Ali is a member of a well-to-do Somali family who were given refuge in Britain 
from the war-torn East African country in the 1990s. British authorities had 
previously been alerted to his radicalisation and he was referred to the UK's 
"Prevent" anti-terrorist scheme.
The precise reason for his alleged attack on this particular MP, which he has 
reportedly admitted, has not yet been established but it is thought he may have 
been influenced by Al Shabaab, an Al Qaida group that operates in Somalia and 
Kenya.
Last month, the head of Britain's security service MI5, Ken McCallum, warned 
there was no doubt the Taliban victory in Afghanistan this summer has "heartened 
and emboldened" jihadists everywhere.
It may be that the murder in Essex was the first successful terrorist attack in 
Britain inspired by the consequences of US President Joe Biden's catastrophic 
decision to withdraw US forces from Afghanistan. Amess's savage knifing follows 
jihadist attacks in Norway that killed five and wounded three last week and 
another in New Zealand in September that wounded five.
Jihadists around the world celebrated the vanquishment of the West following the 
Taliban seizure of power in Kabul. Not only has this re-energised terrorist 
cells but it will also lead to an increase in recruiting and a funding boost 
from jihadist supporters. Prior to Biden's withdrawal, Al Qaida had been at a 
low point in their fortunes, following decimation by US drone strikes in the 
Pakistan tribal areas, catastrophic setbacks in Syria, Iraq and Yemen, the 
killing of Osama Bin Laden and the rise of the Islamic State. Their 
international prestige among fellow jihadists has now been boosted as they share 
in the glory of the Taliban's success — in which they played a part.

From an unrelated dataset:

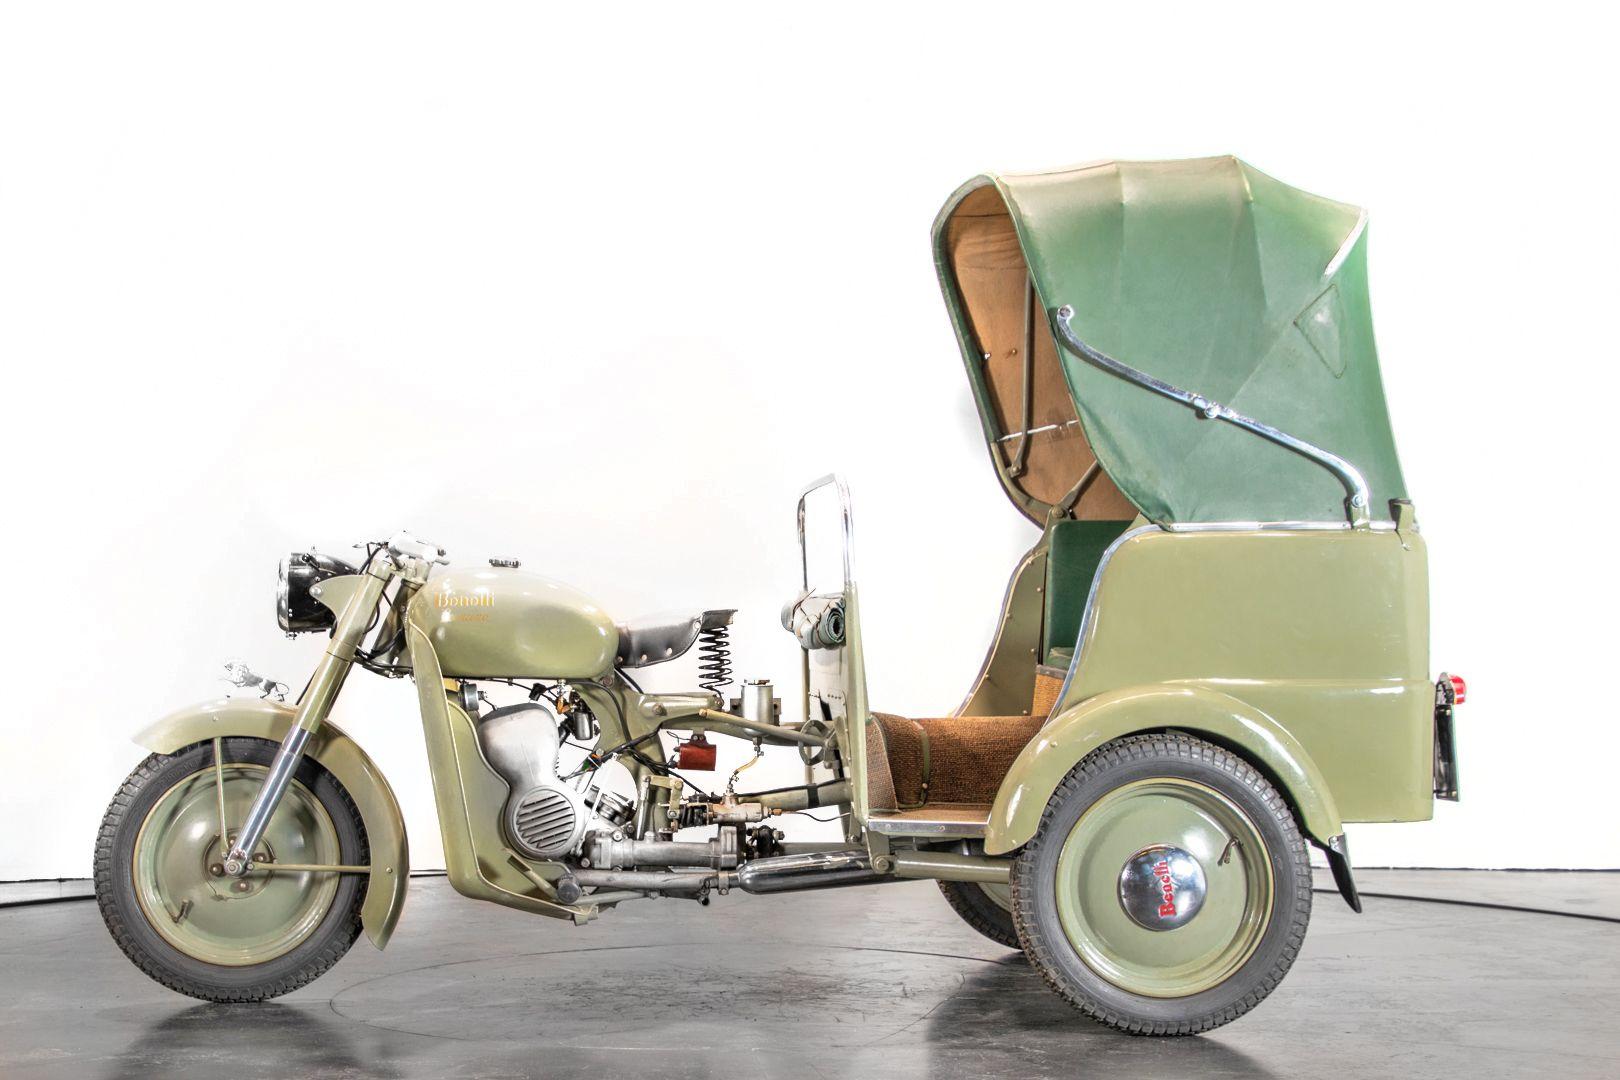 1956 Benelli 125 Leoncino Rikshaws 74322

Al Qaida, the Islamic State and other jihadist networks will capitalise on the 
climacterical success of their global movement, directing and inspiring attacks 
around the world, emulating IS at the height of its powers in Syria and Iraq, 
radicalising thousands and inspiring knife, vehicle-ramming, explosive and gun 
attacks in many countries.
A deeply grim prospect — but this widespread inspiration of terrorism will not 
be the most serious terrorist consequence of the withdrawal. We will see 
jihadists flowing into Afghanistan to join up with terrorists there, as they did 
in the years before 9/11. They will train, organize, establish global 
connections, plan attacks and receive direction and funding from the leadership. 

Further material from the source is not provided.